The caption says, “Young woman (looking at a photograph of friend’s fiance). ‘Well, God bless you, my dear, congratulations and all that. He certainly looks twice the man you are.’ ” (For more “fashion” cartoons from The Way to Wear’em and other books, click here.)
However, most women felt the need for some hair near the face to “save it from that utterly revealed look.”

1925, Delineator. The woman in the center has had her hair thinned a little at the bottom, as advised in “Slicker ‘n’ Slicker.”
Having some hair around the face looked better with a hat.
Hair Styles That Are “Nice to Buy Hats For”
“Any one who has had short hair knows the joy of it — cool and free, easy to care for and nice to buy hats for.”
Hats and hair, story illustration, September 1924. Delineator.
It’s hard now to remember that women once wore hats whenever they went out in public, but through the 1920’s and 1930’s photographs of crowds rarely show a person without a head covering of some kind.
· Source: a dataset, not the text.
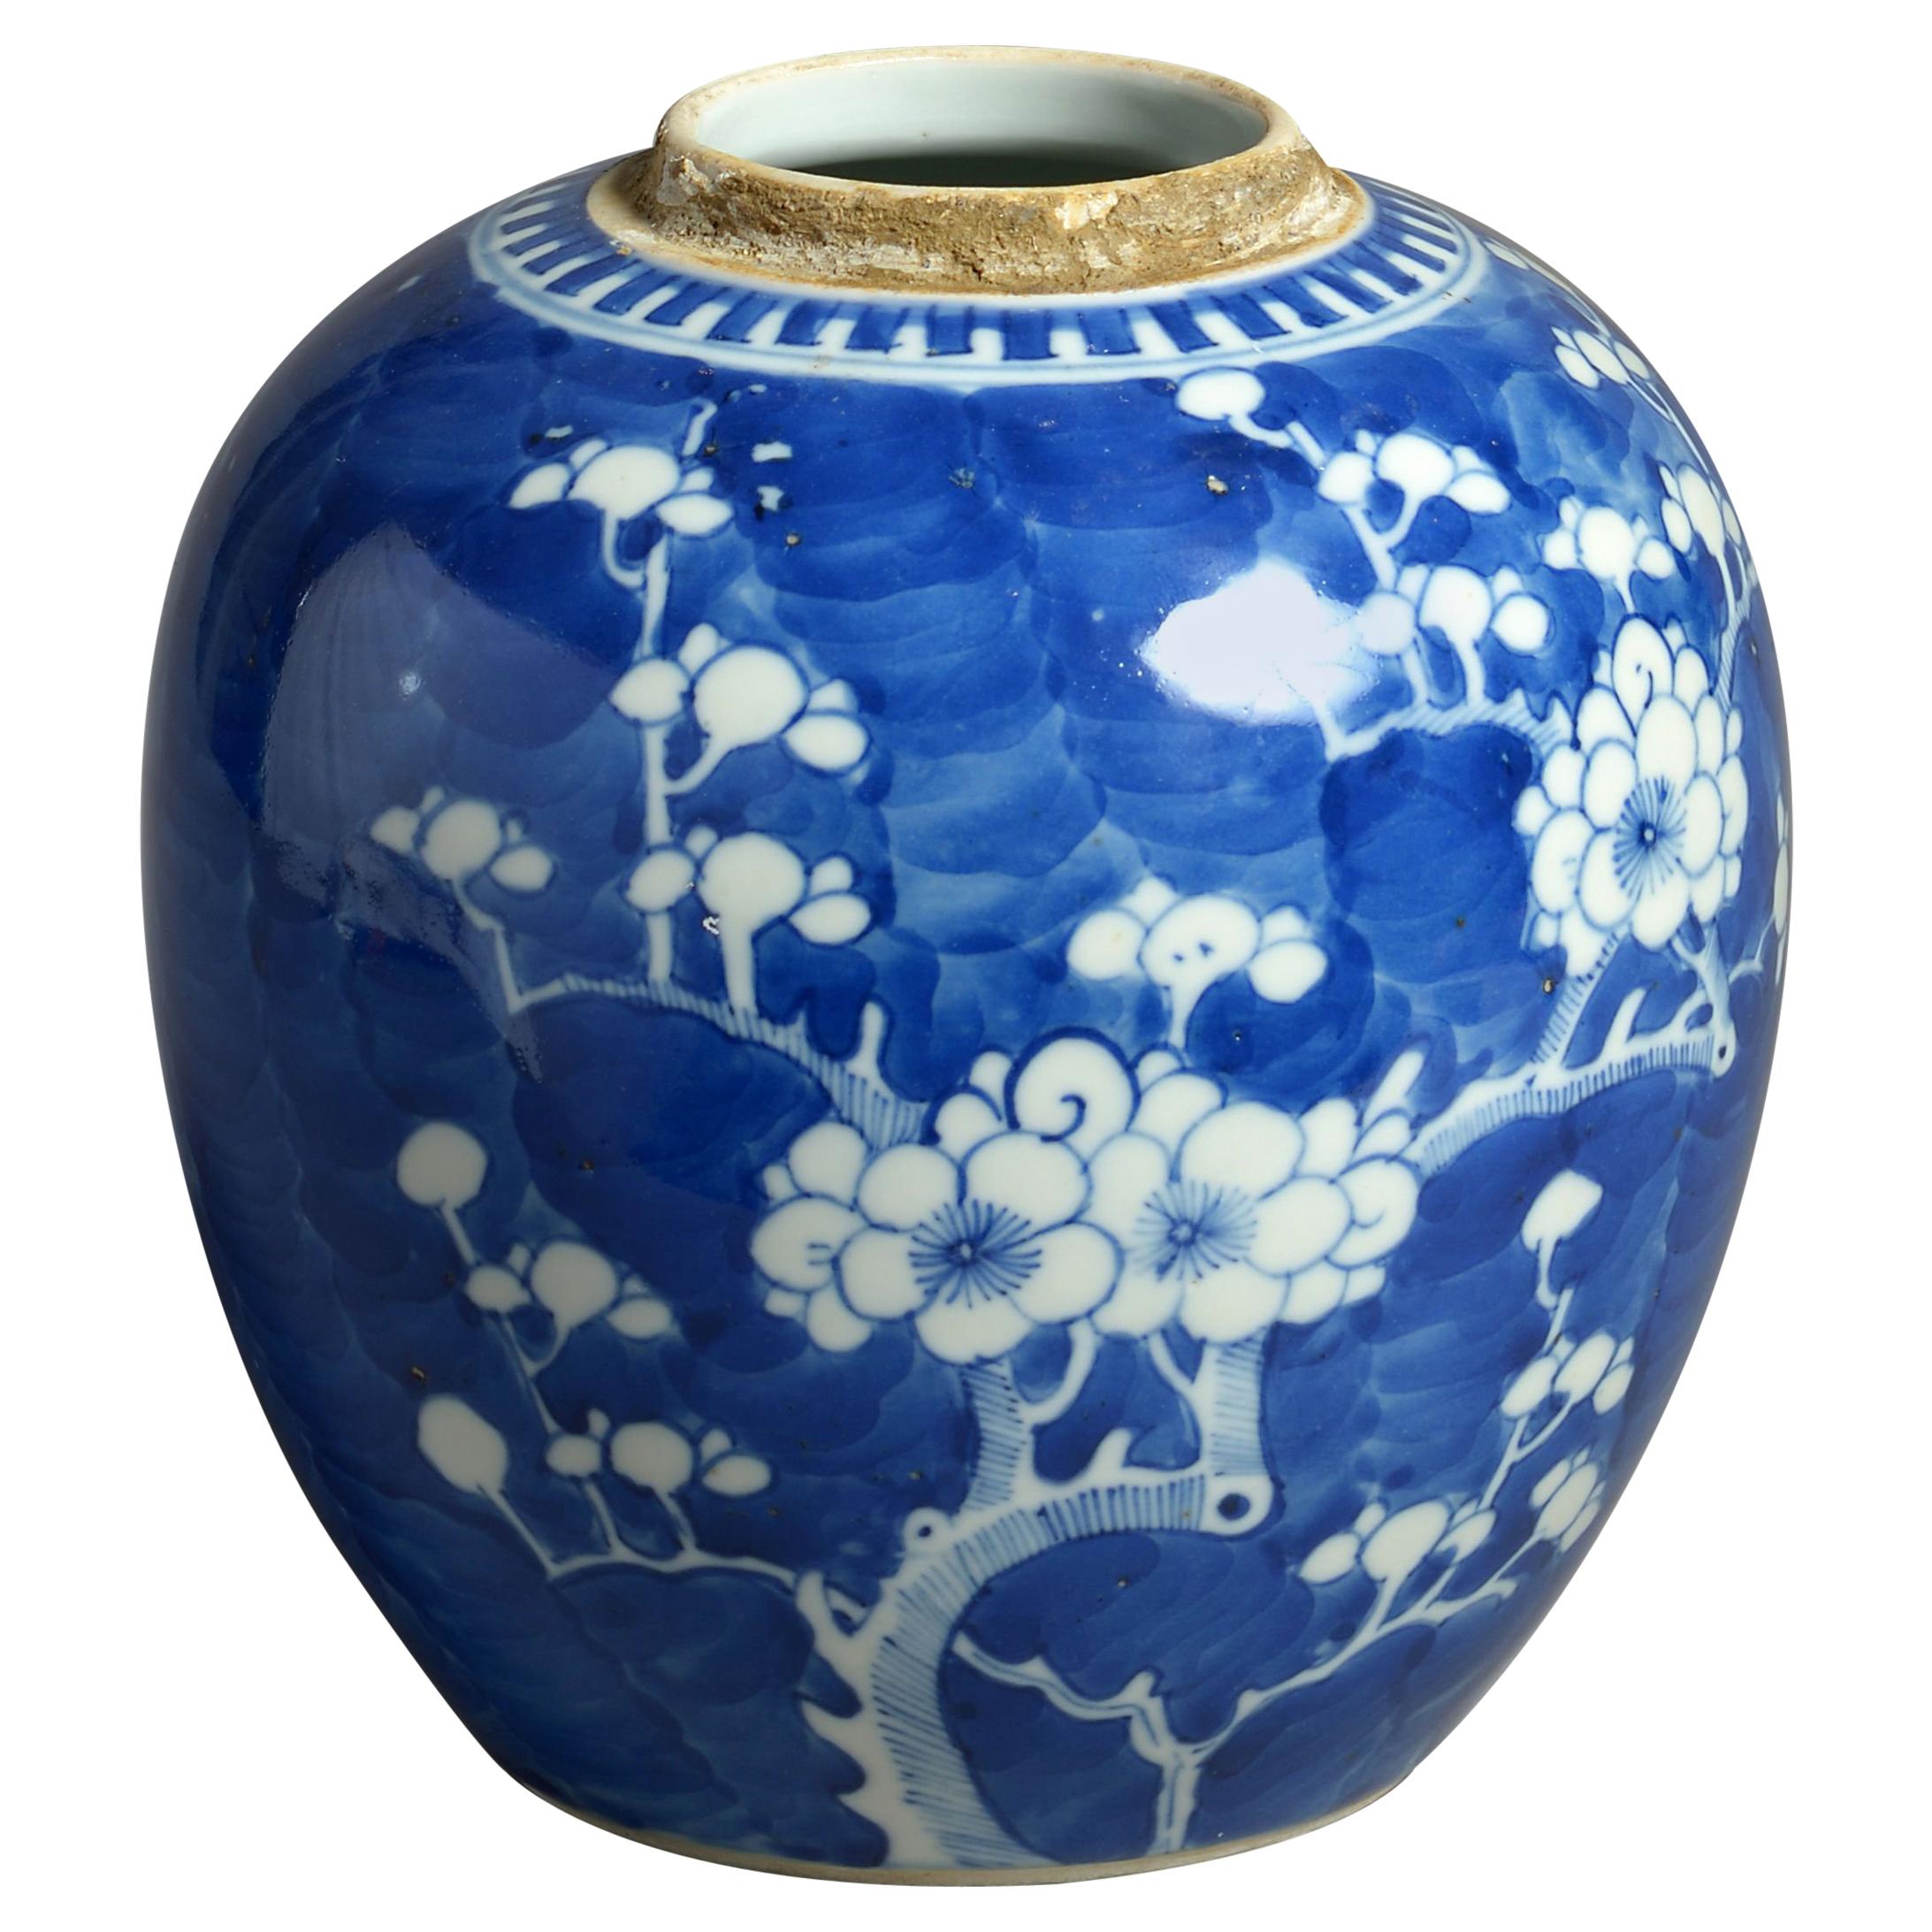 19th Century Blue and White Porcelain Jar

The tight-fitting, head-hugging hats of the 1920’s required hairstyles that could survive being compressed, and still look presentable when a woman took her hat off at work or at home. No wonder hairstyles got “slicker ‘n’ slicker.”
It didn’t matter whether the hat was a turban, or a cloche, or a hat with a brim; part of the twenties look is those little poufs or curls or “guiches” that fill in the hollow of the cheek. Without them, a cloche hides all your hair, and the look is austere and rather grim. As Celia Cole put it, ” The dressing of the hair means to the face and head what shrubbery and trees mean to a brand-new house: they save it from that utterly revealed look.”

Hats illustrated with dress patterns, February 1925. Delineator. Imagine how different they would look with no hair visible.
Even a tiny wisp of hair on the cheek softens the hat and sculpts the face.
Which brings me back to Lady Mary’s haircut. Because the front was longer than any of the styles shown in these 1924-1925 illustrations, her haircut didn’t work very well with the hat of her riding habit. Her hair didn’t fit neatly into the hollow of her cheek. It got messy. That bothered me, like getting a piece of popcorn stuck to a back tooth.
Of course, when it comes to dressing actors, the rule is , “The physical attractiveness of the actor to the audience outweighs all other considerations.” It doesn’t apply to all characters — and not to extras — but it does apply to leading actors playing physically attractive characters. Sometimes we search through incredible amounts of research, until we find one example that justifies the style that best becomes the actor. Molly Ivins said that there is nothing so dangerous as a man who has only read one book.” I probably haven’t found the right book — and “I’m always hungry for more.”